In Workflows and Datasets, Gradient provides the ability to mount S3 compatible object storage buckets to workloads at runtime. Datasets have immutable versions that can be used to track your data as it changes.

The easiest way to get data into Gradient is to use the web-based uploader. Read on to understand how versioned data works within Gradient and learn about connecting to additional data sources.

How versioned data works

Versioned Datasets are used to manage the flow of data with your machine learning workloads. Datasets have immutable versions that can be used to track your data as it changes. Dataset version can be used as input to Gradient workloads as well as outputs. Data is stored at a Storage Provider and will be cached on a Gradient cluster's shared storage for a period of time so that data will be available readily on repeated usage.

Volumes

Within Gradient, Volumes allow various Gradient resources to access a shared Network File System. Storage volumes provide a block-level storage device for use as the primary system drive on a Paperspace machine. Volumes appear to the operating system as locally attached storage which can be partitioned and formatted according to your needs.

Volumes for Notebooks, Workflows, and Deployments -

  • Gradient Versioned Datasets - These are created by the user for storing ML data, artifacts, models, etc. The data accessible via one or more <user-chosen job-specific directory> path name. Users can create Versioned Datasets directly via the CLI, within the Gradient GUI in the data tab, or even through Workflows to enable regular updates to the file via Github. Versioned Datasets can be stored within Gradient Managed or with a chosen storage provider.

    • /inputs/{user-chosen-job-specific-dir-name1}
    • /inputs/{user-chosen-job-specific-dir-name2}
    • /outputs/{user-chosen-job-specific-dir-name1}
    • /outputs/{user-chosen-job-specific-dir-name2}
  • /storage - This is a team-wide shared storage space on the NFS or other Kubernetes Container Storage Interface storage option, such as ceph. This is created and allocated as a Kubernetes PersistentVolume during installation, but can be accessed by the customer afterwards.

  • Gradient Volumes - These are temporary Workflow run volumes that only exist for the duration of the Workflow run. They are references under the same root paths as Gradient Dataset Versions. Use these volumes to instantiate, access, and upload to temporary storage spaces that facilitate your Workflow without necessitating storing the files/data permanently in one of the persistent storage options.
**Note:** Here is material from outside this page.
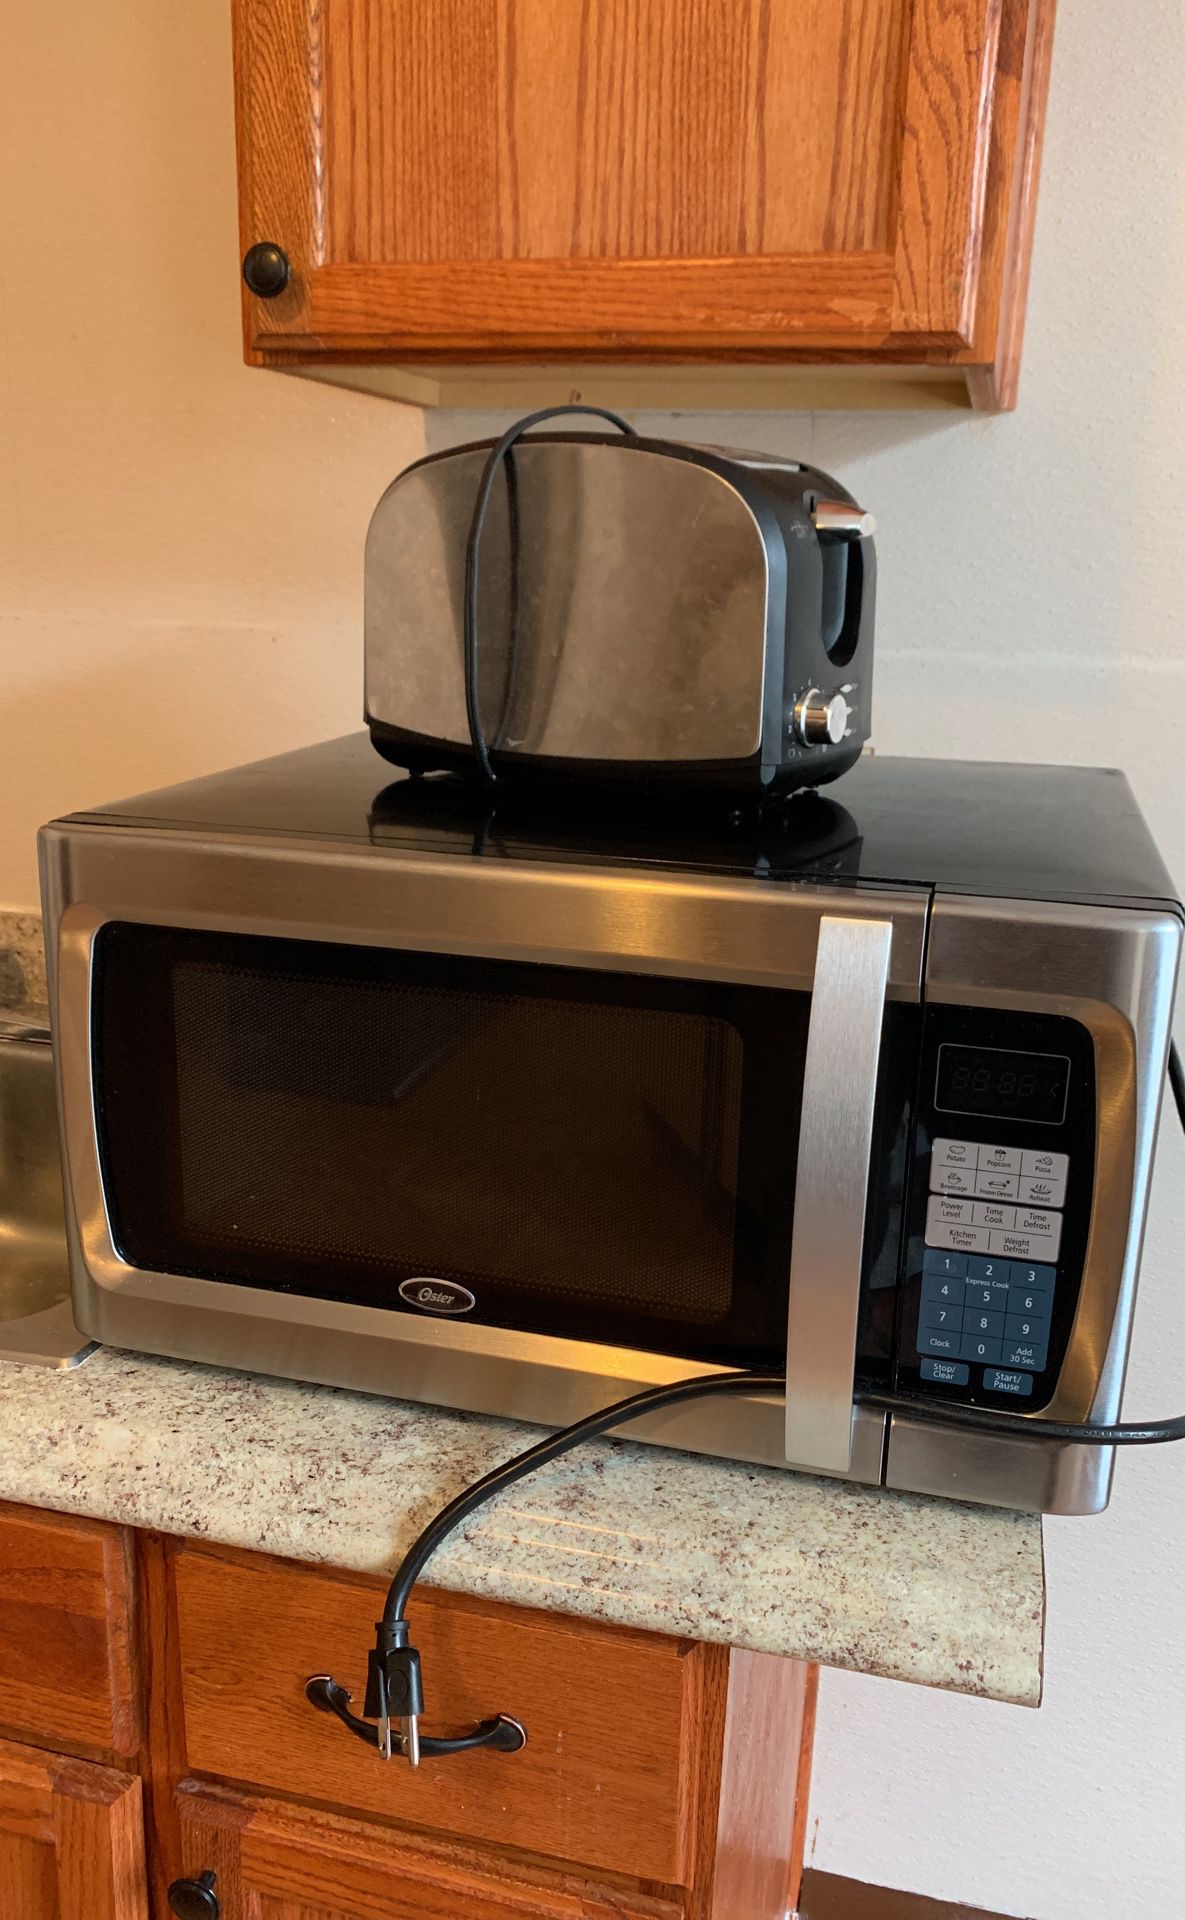 Large Microwave and toaster

    • /inputs/{user-chosen-job-specific-dir-name3}
    • /inputs/{user-chosen-job-specific-dir-name4}
    • /outputs/{user-chosen-job-specific-dir-name3}
    • /outputs/{user-chosen-job-specific-dir-name4}
    • ...

Volumes accessible by Notebooks only:

  • /notebook - This is a directory path under the team's /storage root that stores the home directory content of each notebook run. The files in the notebook repo can be cloned directly from Github to efficiently set up your workspace. This is done via the Workspace URL entry box in the Advanced Options section of the Notebook Create page. This is allocated as a temporary subvolume under the main team storage volume.

Team-wide Volumes:

  • /{team-id}/datasets - this contains cached named versions of the Gradient Datasets. The team can control the size of this cache area. Data stored in the cache is automatically backed up to the configured team Object Storage

Cluster-wide Volumes:

  • "metrics" - this is a persistent volume where prometheus metrics data is stored.
  • "share-storage" - team subvolumes are allocated from this cluster-wide persistent volume.
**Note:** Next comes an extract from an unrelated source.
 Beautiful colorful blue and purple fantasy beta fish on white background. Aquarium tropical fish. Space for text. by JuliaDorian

Versions, Tags, and Messages

Datasets have multiple versions that can be referenced. You can specify a message with a new dataset version to provide info around a newly created dataset version. In addition, you can tag a specific dataset version with a custom name as well. Here are the available ways to reference a dataset:

  • [dataset-id]:latest : this will use the latest version of your dataset
  • [dataset-id]:[dataset-version]: this will the use the specified dataset-version
  • [dataset-id]:[dataset-tag] : this will use the specified dataset version that the dataset-tag points to

Committed state

Dataset versions have an uncommitted and committed state. When a Dataset is uncommitted, you can modify or add files freely. When a Dataset is committed it will be immutable (will not allow any modifications). This allows workloads to be repeatable and deterministic with the provided Datasets.
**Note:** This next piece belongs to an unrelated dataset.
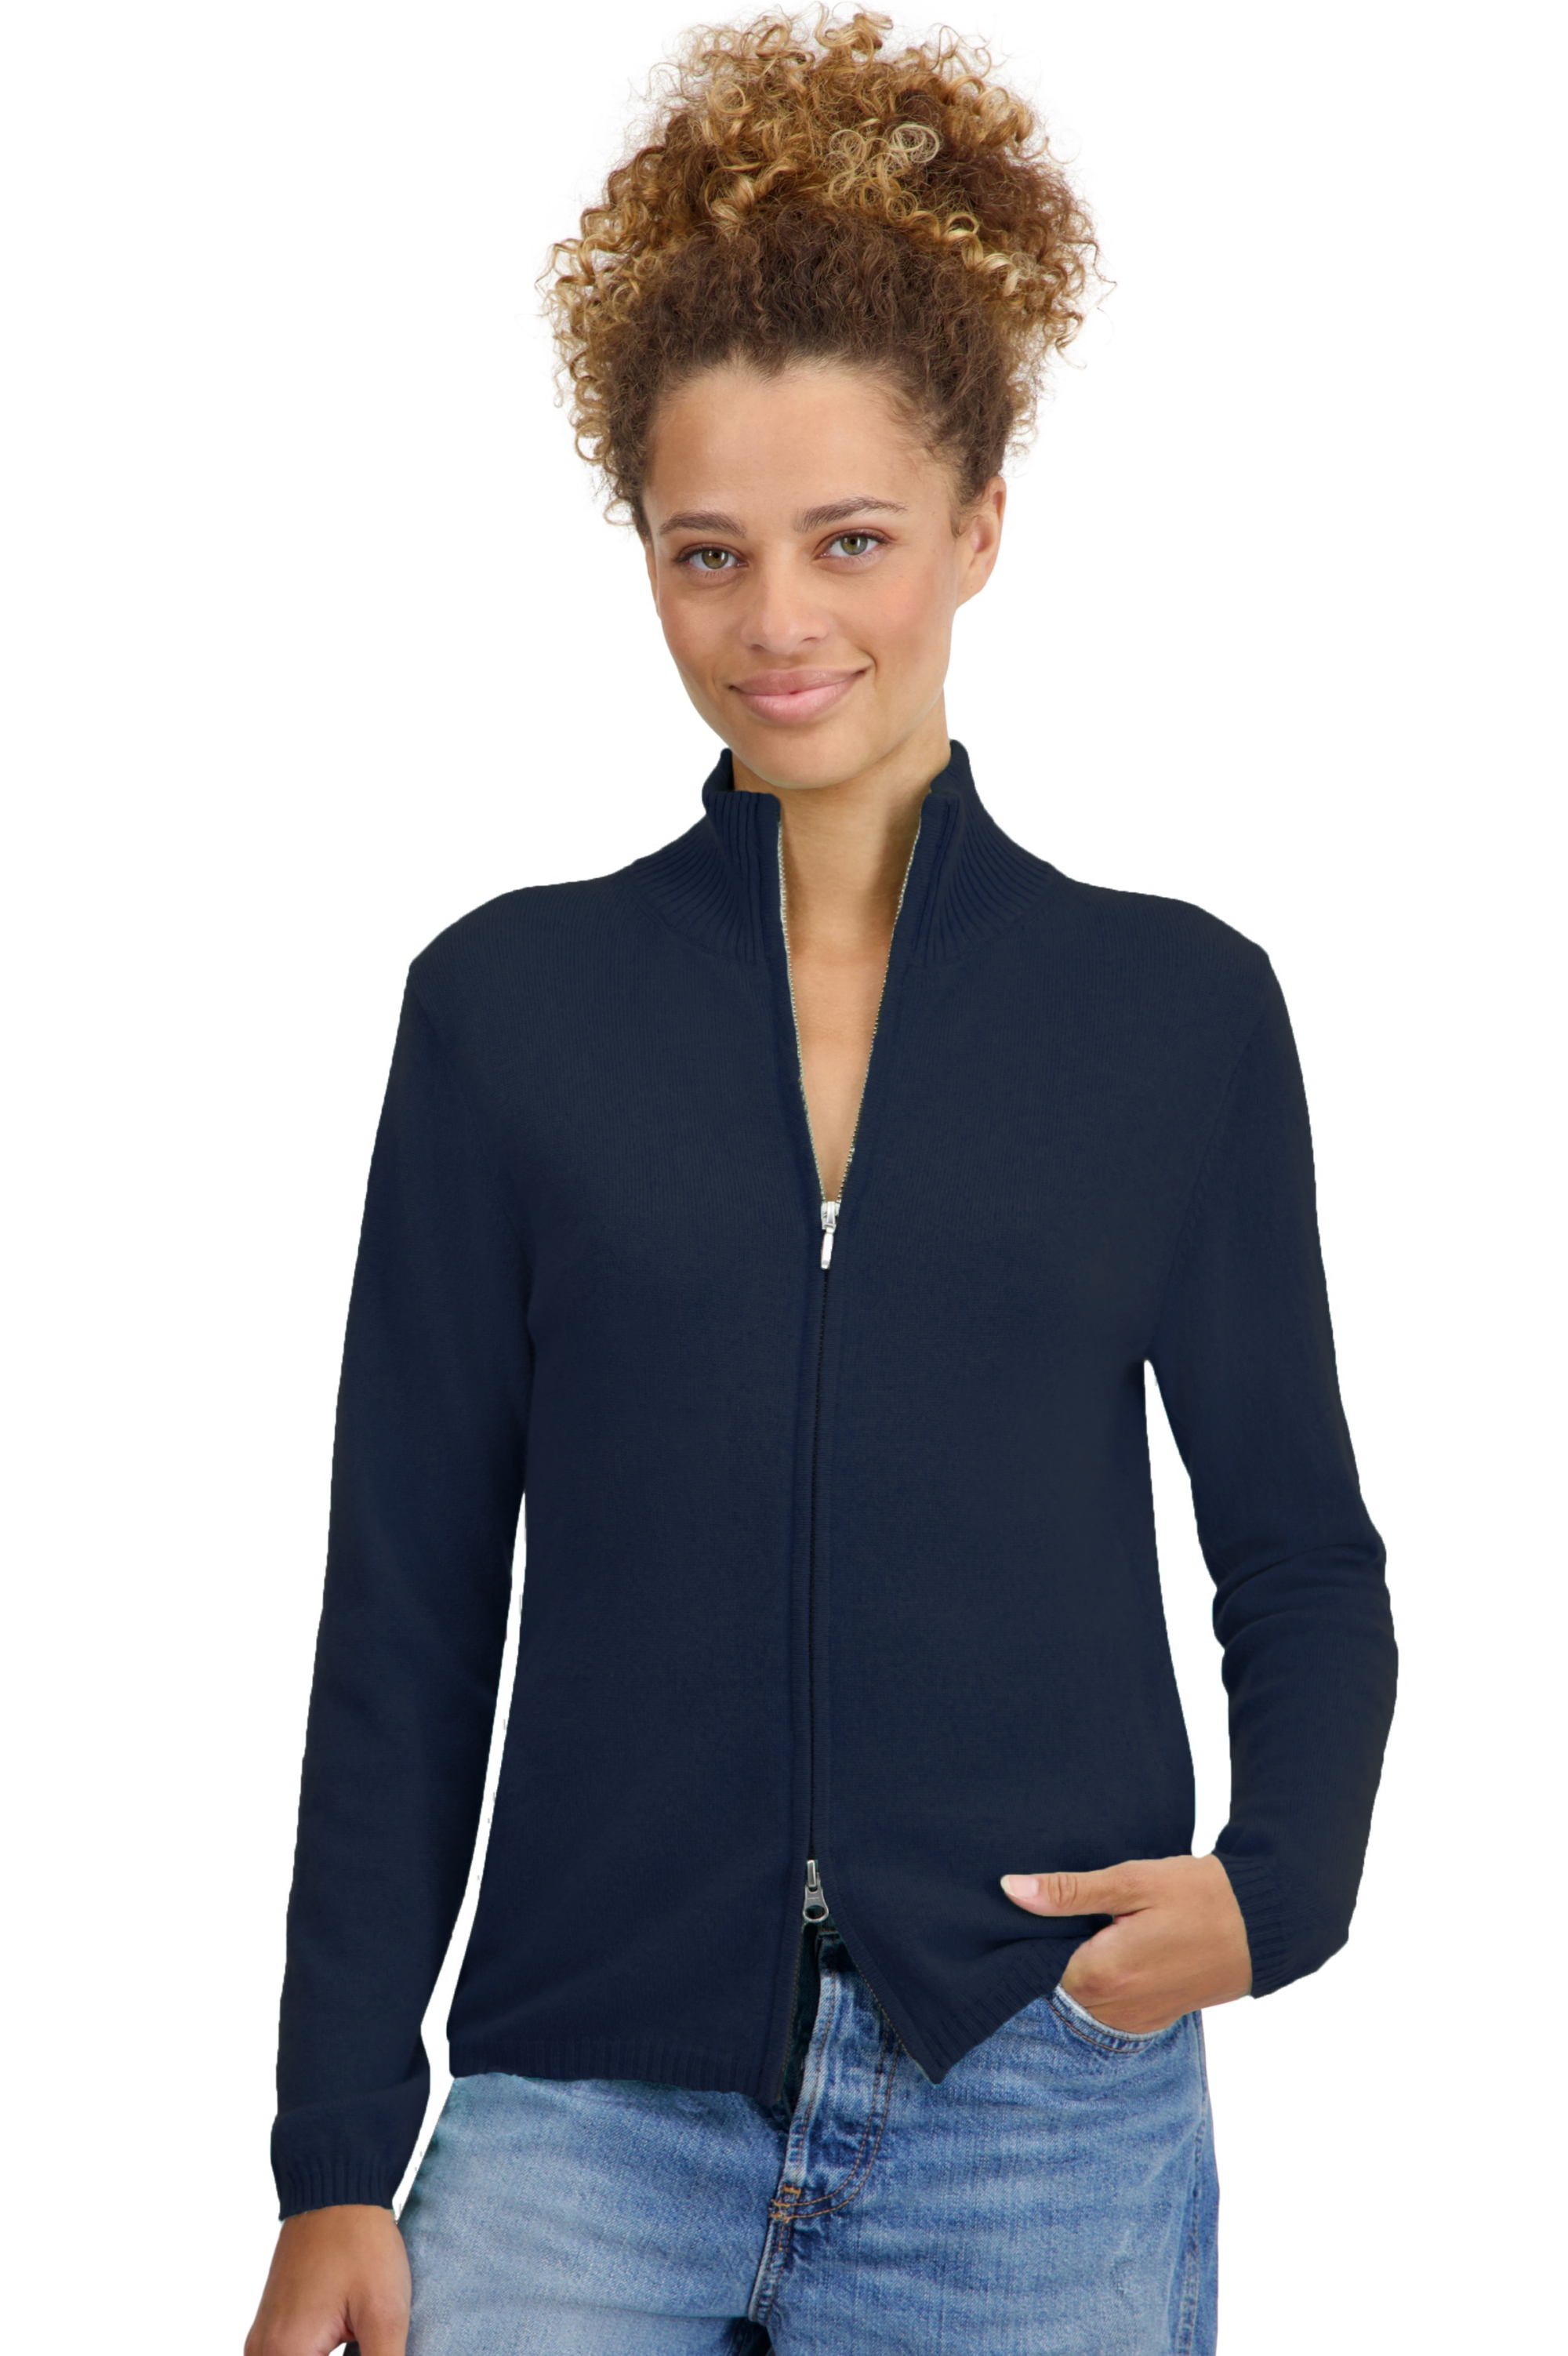 Cachemire pull femme zip capuche thames first marine fonce m

How to create a dataset and dataset version in the GUI

To create a new dataset (one that does not yet have an ID) in the GUI, go to the Data tab in your team's page and click "Create a Dataset". This brings up a window to give it a name, optional description, and select the storage provider on which it will be created.

Creation of new dataset

If the team already has datasets, there is a similar "Add" button. The resulting screen after creation allows you to upload files, or you can just retrieve the dataset ID for use elsewhere.

Optional importing of data

Importing data, or adding it in some other way such as a Workflow output, will create a new version of the dataset.

Datasets can also be created from the Notebook IDE through the Datasets tab.

How to create a dataset and dataset version in the CLI

To create a new dataset (one that does not yet have an ID) in the CLI, use the gradient datasets create command like below:

$ gradient datasets create --name democli --storageProviderId ssfe843ndkjdsnr
Created dataset: dsr5zdx0thjhfe2

All Gradient datasets are versioned, so to make any changes to data in a Dataset, first you need to create a new version. That can be done with the command below.

$ gradient datasets versions create --id dst364npcw6ccok
Created dataset version: dst364npcw6ccok:fo5rp4m

Once the version is created, you can then add files to the Dataset version.

$ gradient datasets files put --id dst364npcw6ccok:fo5rp4m --source-path ./some-data/

Once all desired files are uploaded to the version, commit the version to the Dataset.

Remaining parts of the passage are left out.